By Nate Raymond
NEW YORK, Oct 25 (Reuters) - A former investment adviser at an Oppenheimer Holdings Inc OPY.N unit plans to plead guilty on Tuesday to charges that he traded on inside information supplied by a childhood friend working at Pfizer Inc (NYSE:PFE) PFE.N , according to his lawyer.
David Hobson, 47, will plead guilty in Manhattan federal court to conspiracy and securities fraud charges over conduct prosecutors said began while he was at Royal Bank of Canada RY.TO unit RBC Capital Markets and then continued at Oppenheimer & Co Inc, Michael Bowers, his lawyer, said in an email.
Hobson, a Providence, Rhode Island, resident, would be the second individual to admit guilt in the case, after Michael Maciocio, Hobson's friend at Pfizer, pleaded guilty in May and reached a deal to cooperate with prosecutors.
The case was announced in June amid a resurgence of insider trading cases this year in Manhattan, where prosecutors have wrestled with a 2014 appellate ruling that limited the scope of insider trading laws.
According to prosecutors, Hobson and Maciocio engaged in an insider trading scheme from 2008 to 2014 based on information obtained by Maciocio, a director of chemical research and development at Pfizer.

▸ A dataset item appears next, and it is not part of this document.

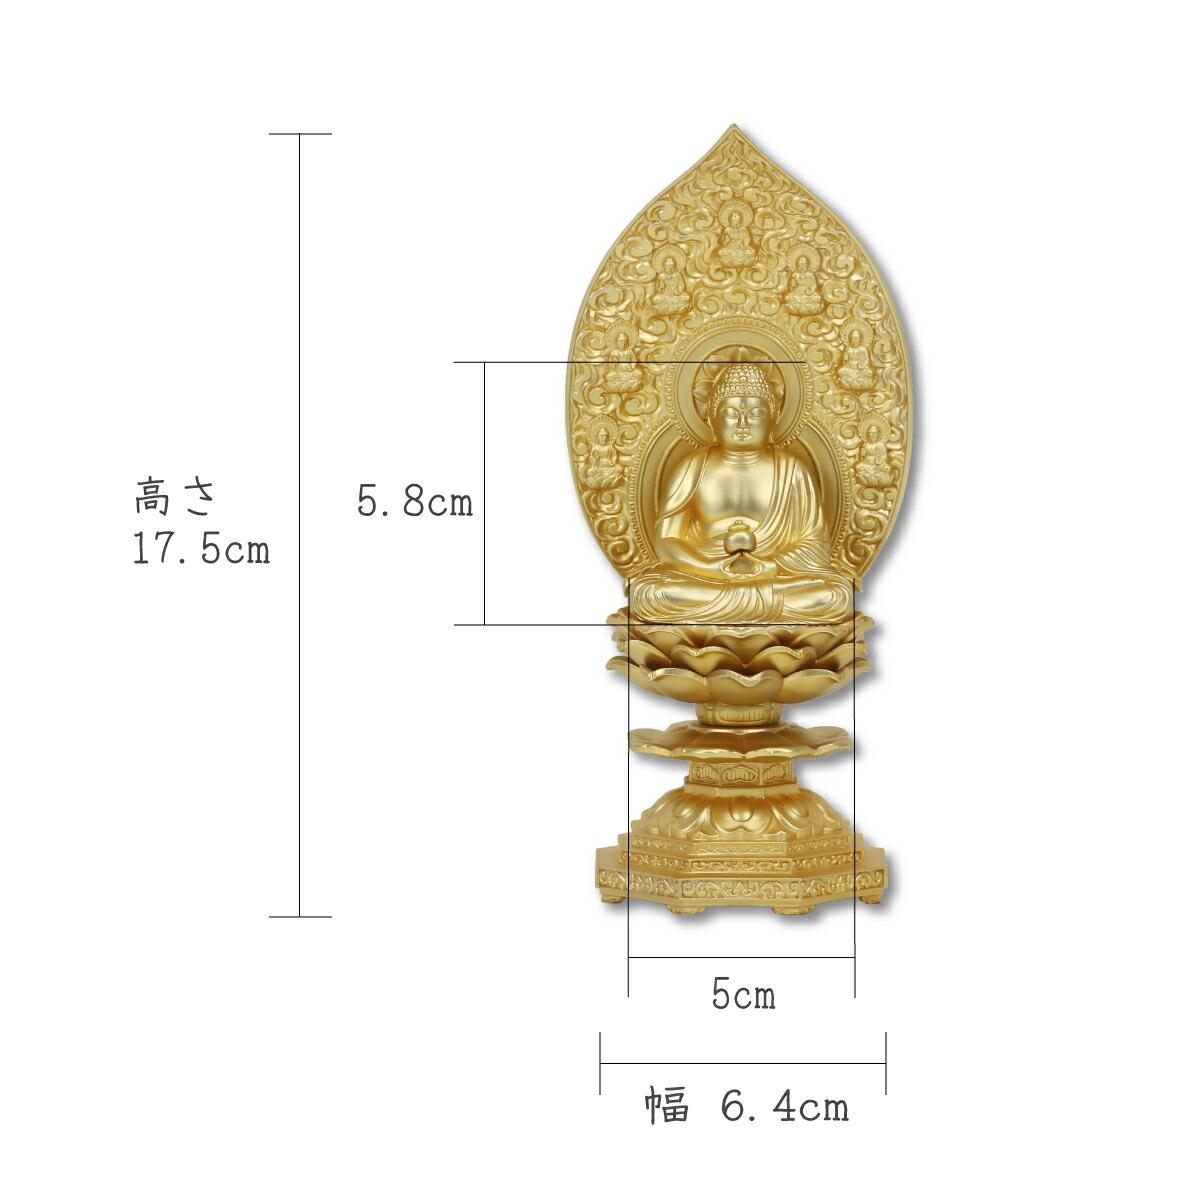 仏像 薬師如来 座像 17.5cm

In that job, Maciocio sometimes evaluated Pfizer's capacity to manufacture drugs being developed by other companies Pfizer considered potential acquisition targets or partners, authorities said.
While Maciocio was not typically given the identity of a company in a potential deal, with Hobson's help he performed research to discern its identity, the indictment said.

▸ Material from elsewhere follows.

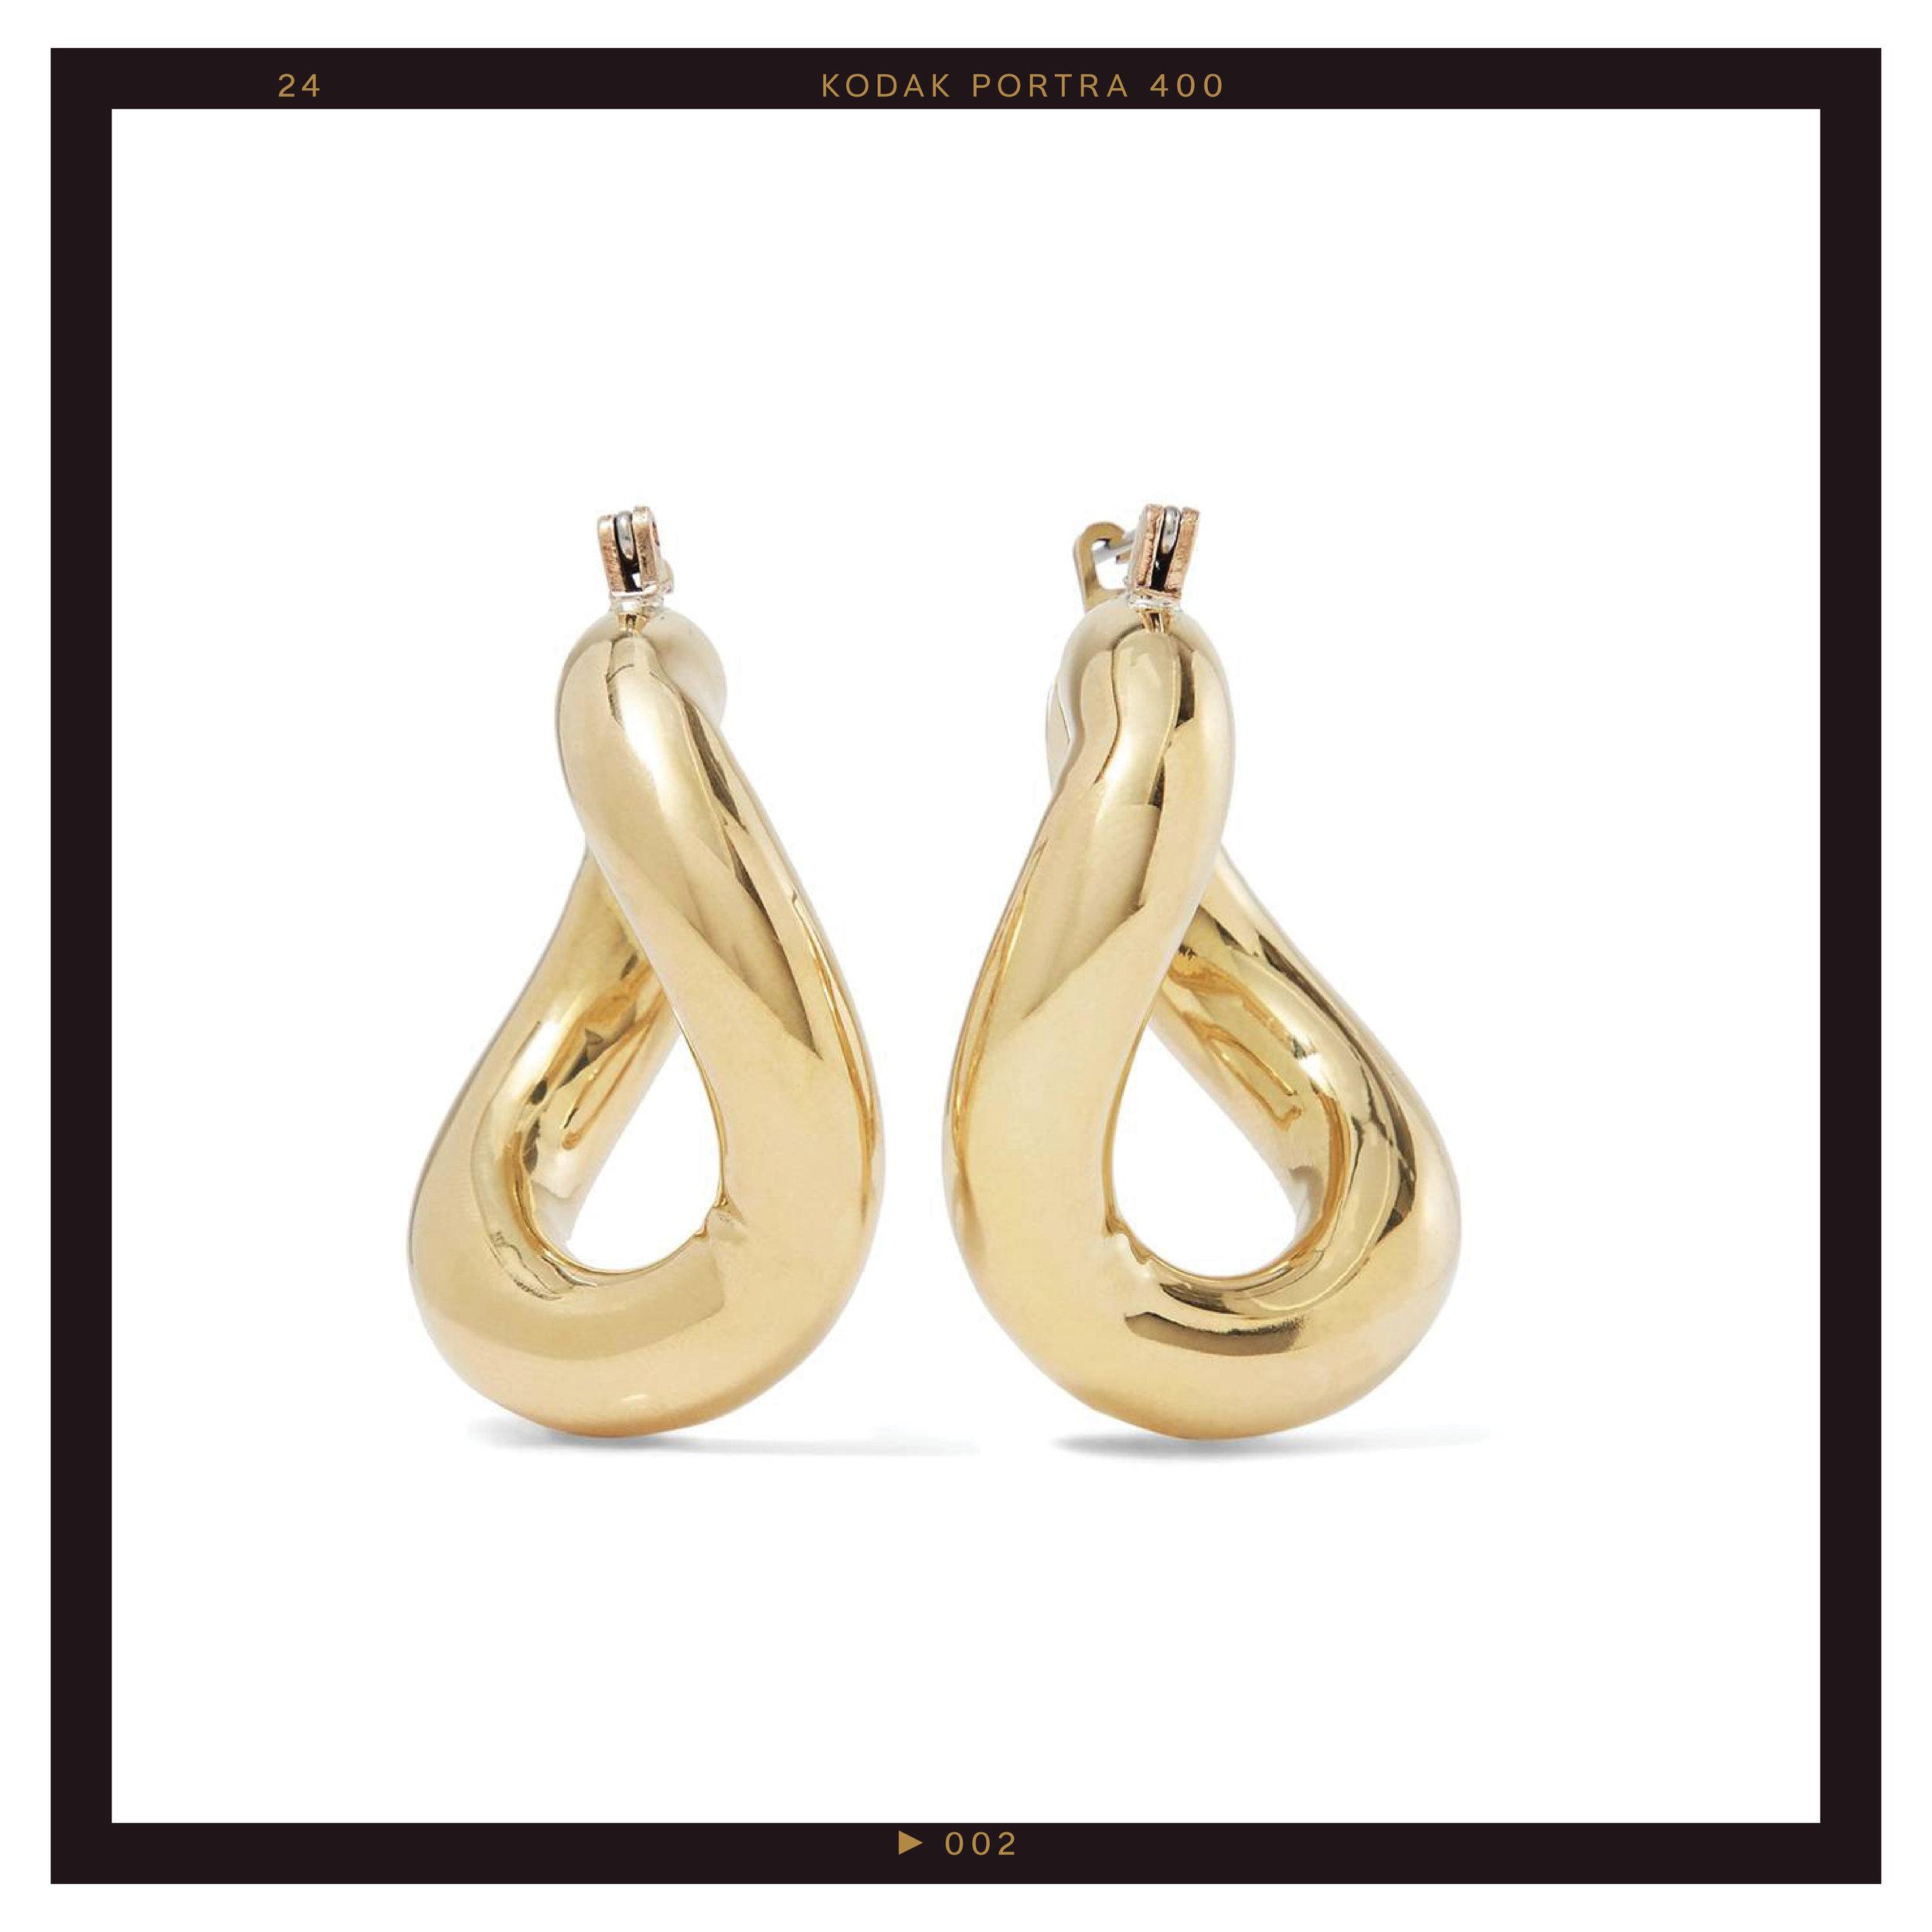 Laura Lombardi Anima Gold-Tone Hoop Earrings ($130)

After identifying the company, Maciocio then passed the information to Hobson, his stockbroker, who executed trades in accounts belonging to himself, Maciocio, and clients of Oppenheimer and RBC, prosecutors said.
Trades by Hobson in the stocks of Medivation Inc, Ardea Biosciences Inc and Furiex Pharmaceuticals Inc resulted in profits of $180,000 for himself, $40,000 for Maciocio and $150,000 for certain of Hobson's clients, prosecutors said.
The case is U.S. v. Hobson, U.S. District Court, Southern District of New York, No. 16-cr-351.